En la relación del kirchnerismo con el nacionalismo –entendido como “apelación a lo nacional como entidad colectiva” frente a otras apelaciones como las de clase o la meramente individual– distingo al menos tres etapas culturales.
Los argentinos tardamos más de 150 años en animarnos a celebrar nuestra soberanía. Es todo un síntoma del proceso de penetración cultural e ideológica a la que fuimos sometidos por las principales potencias del mundo –primero España, luego Gran Bretaña, y, finalmente, Estados Unidos– y del que siempre nos costó desembarazarnos, tanto en los planos intelectuales, mediáticos, académicos, artísticos, económicos, políticos e ideológicos. Mucha tinta corrió durante décadas, lo que hace innecesario repetir sus principales conceptos, pero para aquellos que quieran repasar o abrevar su sed nacionalista, pueden leer a los hermanos Hernández, a Ricardo Rojas, a Ezequiel Martínez Estrada, a José Hernández Arregui, Jorge Abelardo Ramos, Héctor Agosti, Horacio González, Rodolfo Kusch, Arturo Jauretche, y tantos otros. Incluso el actual proceso político, iniciado por Néstor Kirchner en 2003, debió cumplir una serie de etapas culturales para “restaurar” ciertas ideas y prácticas provenientes del nacionalismo popular –que es a diferencia del nacionalismo oligárquico (esencialista, rupestre, reaccionario) económico, político, historicista, dinámico–.

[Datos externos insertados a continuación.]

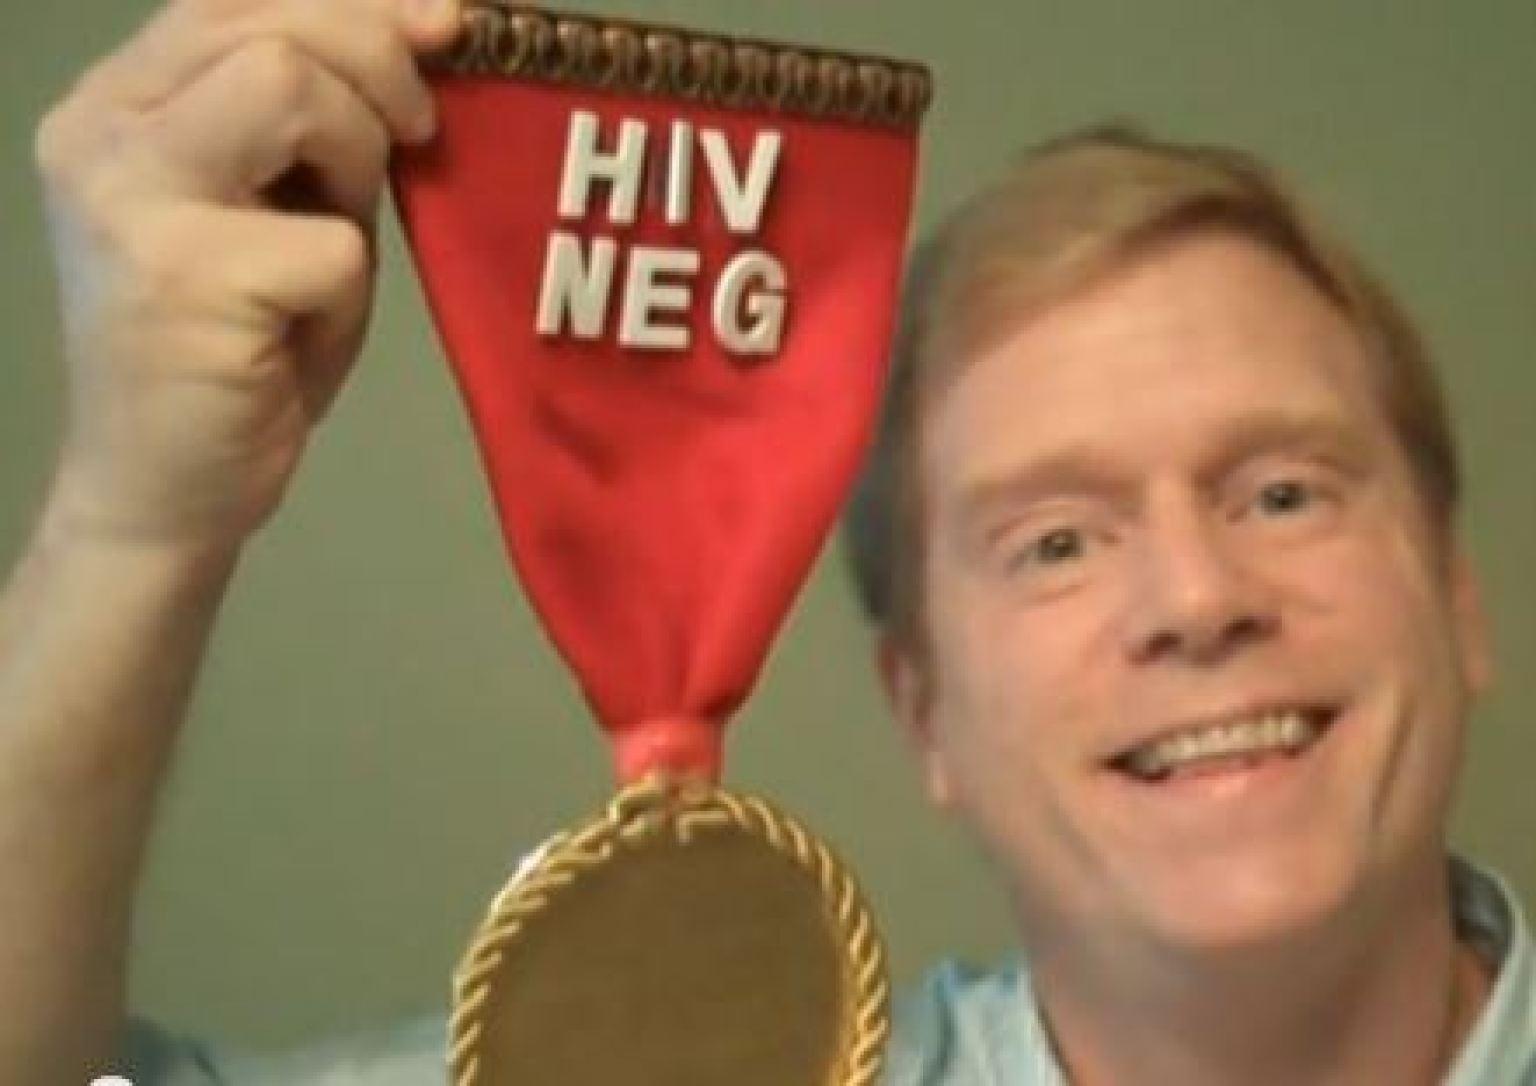 Hiv negative dating hiv positive gay

En la relación del kirchnerismo con el nacionalismo –entendido como “apelación a lo nacional como entidad colectiva” frente a otras apelaciones, como las de clase o la meramente individual– distingo al menos tres etapas culturales. En el primer período, que va desde 2003 hasta 2009, ese diálogo se vio atravesado por la necesidad de apuntalar la autoestima de los argentinos. Las propagandas oficiales en las que flameaba la celeste y blanca, los rostros de habitantes de todas partes del país, los eslóganes en los que se apelaba a la “posibilidad de poder” que teníamos los argentinos, los discursos de Néstor Kirchner estaban dirigidos a despertar ese sentimiento de amor propio narcotizado tras tantos años de neoliberalismo, de tilinguería y malinchismo intelectual. La recuperación de los símbolos patrios, la bandera, el Himno, de significantes como patria, nación, pueblo, de lo propio –entendido con la mayor amplitud y contradicción con que pueda elaborarse–, y, también, de los instrumentos de política internacional que permitieron distanciarse de los mandatos de Washington y crear una agenda latinoamericanista.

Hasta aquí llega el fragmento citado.